One of the couples who sued was wed in Massachusetts and wants Texas to recognize the marriage. The other gay couple wants to get married in Texas.

"Regulation of marriage has traditionally been the province of the states and remains so today," Garcia wrote in the 48-page ruling. "However, any state law involving marriage or any other protected interest must comply with the United States Constitution."

The Catholic Church opposes same-sex marriage. It upholds the sanctity of traditional marriage, between one man and one woman, and also teaches that any sexual activity outside of marriage is sinful.

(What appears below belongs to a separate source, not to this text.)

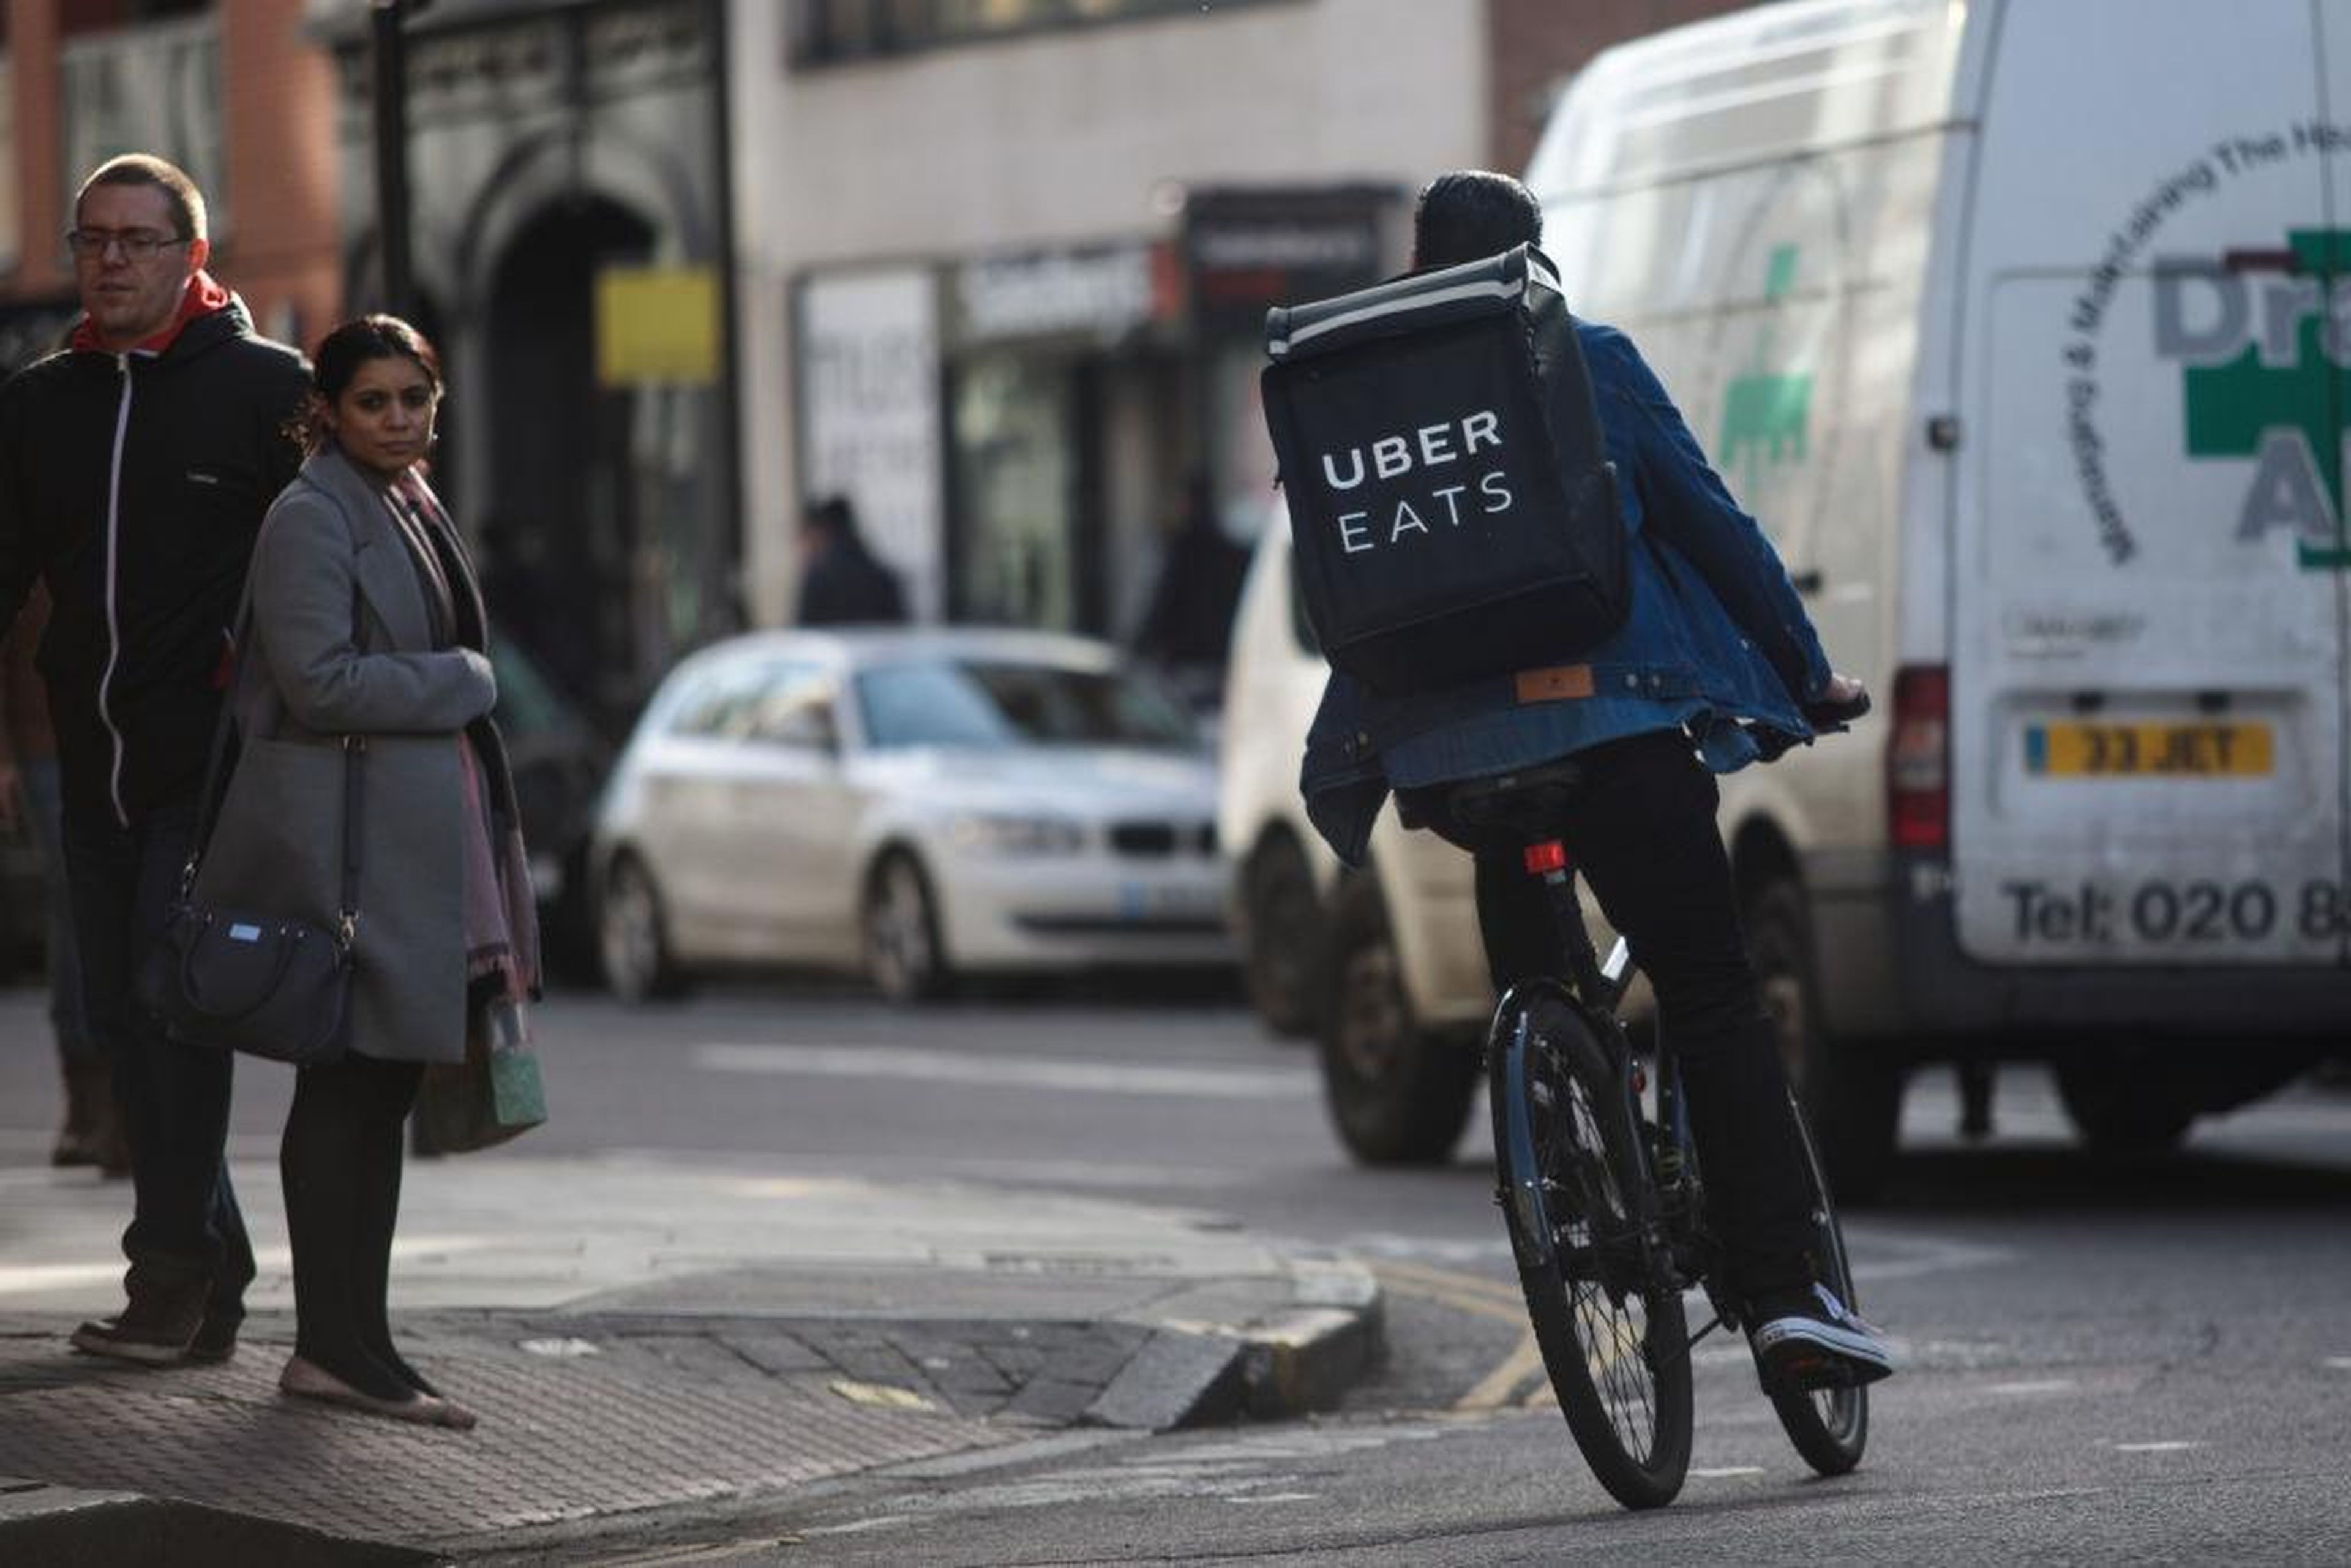 An Uber Eats rider cycles through central London.

In a recent blog posting, San Francisco Archbishop Salvatore J. Cordileone, chairman of the U.S. Conference of Catholic Bishops' Subcommittee for the Promotion and Defense of Marriage, said that  challenges to state laws in federal courts have made it clear that "the marriage debate we are having in this country is not about access to the right of marriage, but the very meaning of marriage."

The day after Garcia handed down his decision, U.S. District Judge John G. Heyburn II in Louisville, Ky., issued an order instructing Kentucky officials to immediately recognize same-sex marriages performed elsewhere.

AP reported that Heyburn's order has no effect on a suit filed Feb. 14 by a Kentucky couple suing to force the state to issue same-sex marriage licenses.

Reader Comments

Posted: Friday, February 28, 2014
Article comment by: Chuck Anziulewicz

As someone who believes very strongly in marriage equality for gay couples, I need to point out that the federal government has complicated the issue more than anyone. While it is true that the Constitution says nothing about marriage, there are 1,138 legal benefits, protections, and responsibilities (according to the Government Accounting Office) that the federal government automatically bestows on married couples. Much of this has to do with tax law and Social Security. So it simply wouldn't do for a gay couple that is legally married in Iowa to suddenly become UN-married if they move someplace else.

Straight couples have never had to jump through these kinds of hoops. Thanks to the "Full Faith & Credit" clause, if any straight couple flies off to Las Vegas for a drunken weekend and gets married by an Elvis impersonator, that marriage is automatically honored in all 50 states. Gay couples, however, are held to a different (and hence unconstitutional) legal standard.

The only way marriage can be a "States Rights" issue is for the federal government to get out of the marriage business completely, and do away with the 1,138 benefits it grants to married couples. Tell me how thrilled most married couples would be with THAT.